Re: Apache Pig Integration with Phoenix

Alex Warshavsky Thu, 03 Sep 2015 11:06:44 -0700

Hello all,

Expanding earlier email conversation to wider audience to share the wealth.
Please read email chain below to get the context if needed.


Followup question. Here's a simple PIG script that loads data from Phoenix,
performs aggregation, and writes aggregations back to Phoenix. Idea is to
rollup counts every hour, hence the WHERE clause by EVENT_TIME.
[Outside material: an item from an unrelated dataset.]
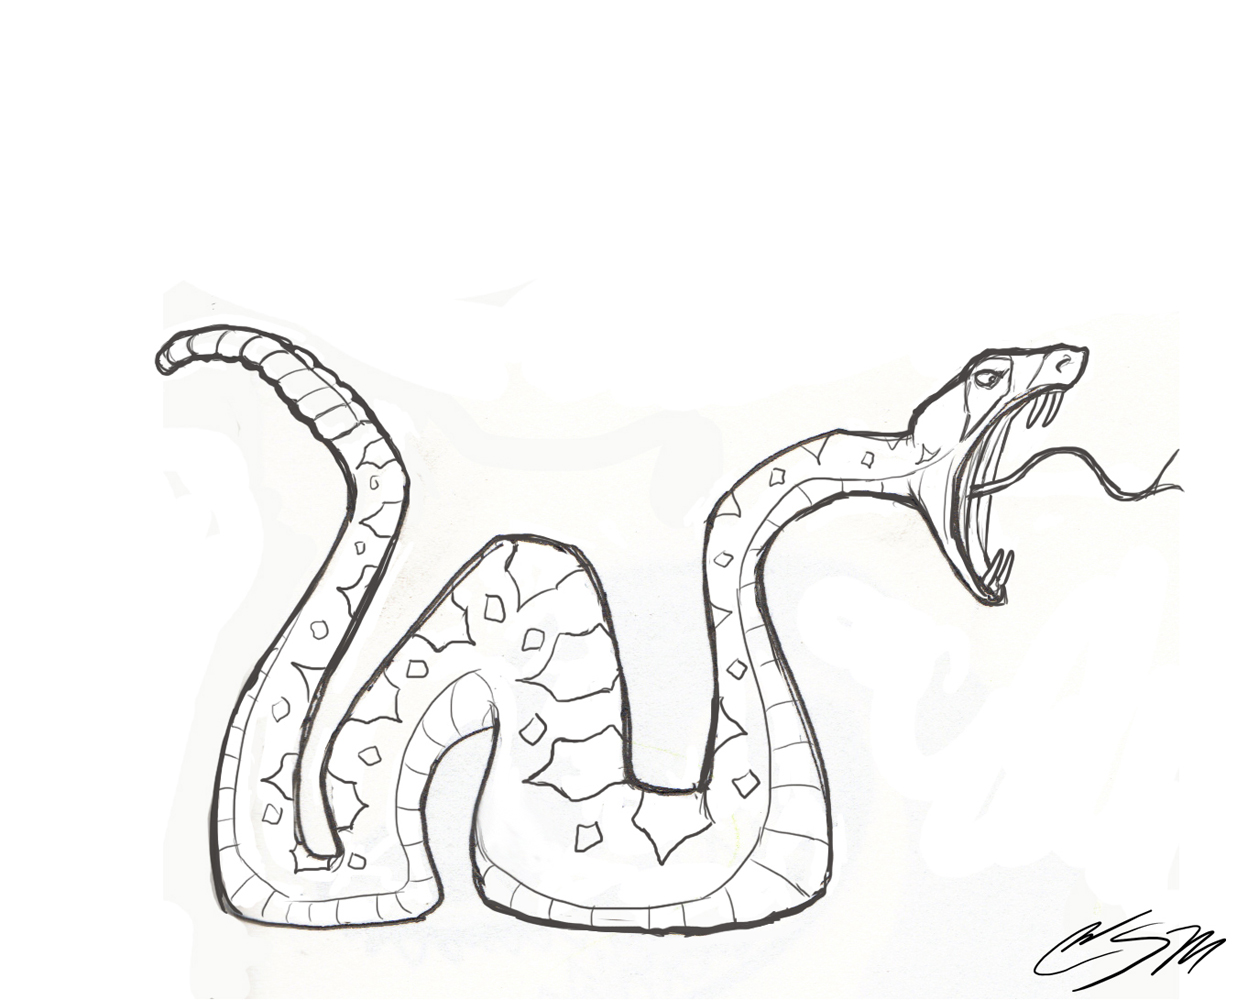 Rattlesnake Drawing - Gallery
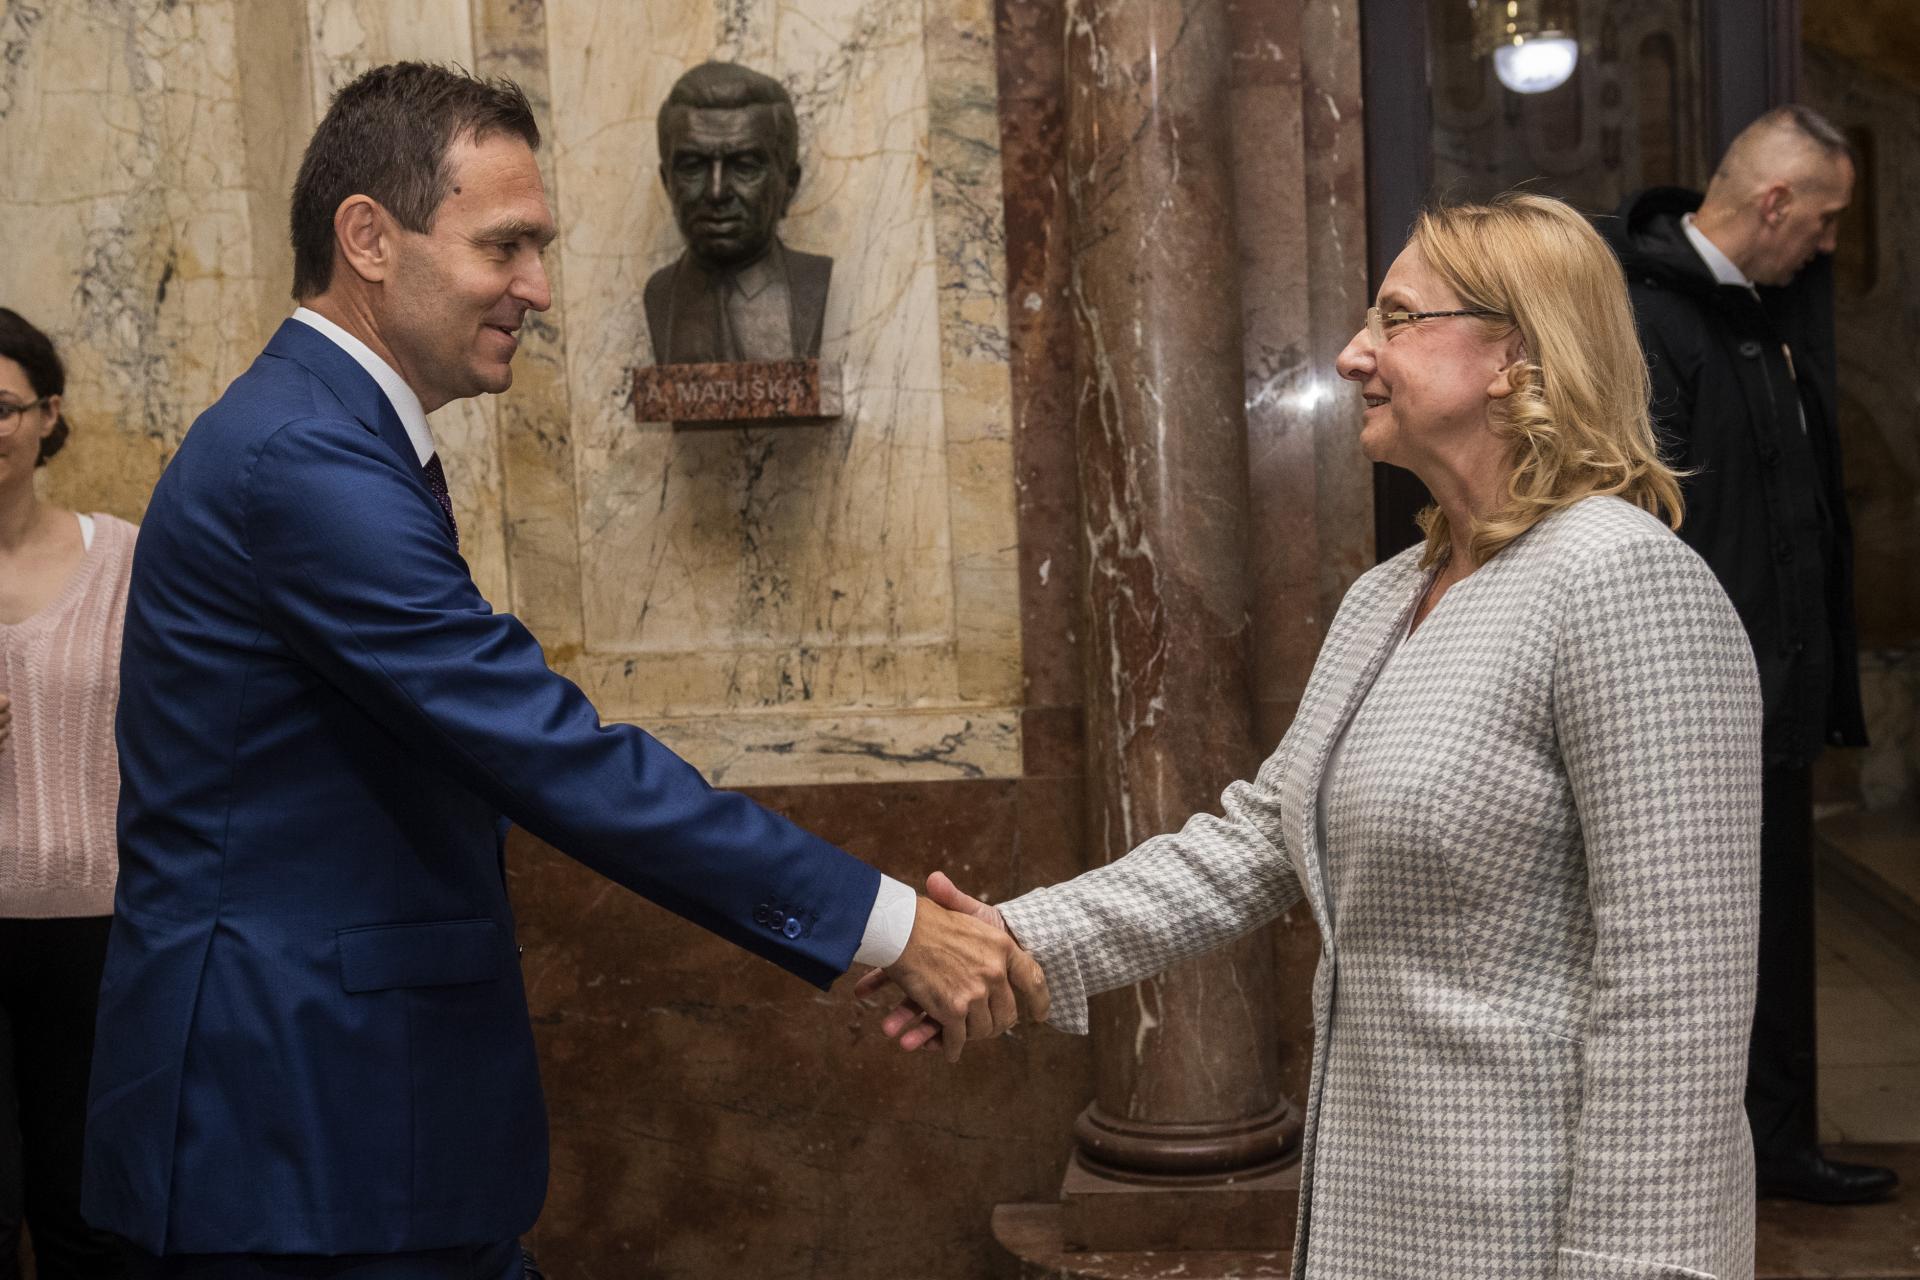 Postavenie kultúry i jej vnímanie by sa malo posilniť, tvrdí nová ministerka kultúry Silvia Hroncová

raw = LOAD 'hbase://query/SELECT TENANT_ID, USER_ID FROM LOGINS WHERE
EVENT_TIME > 8/1/2015 AND EVENT_TIME < 8/2/2015'


by_org_and_app = GROUP raw BY TENANT_ID, USER_ID


count_by_user = FOREACH by_org_and_app GENERATE group AS TENANT_ID,
USER_ID, COUNT(raw)


STORE count_by_user into 'hbase://METRICS’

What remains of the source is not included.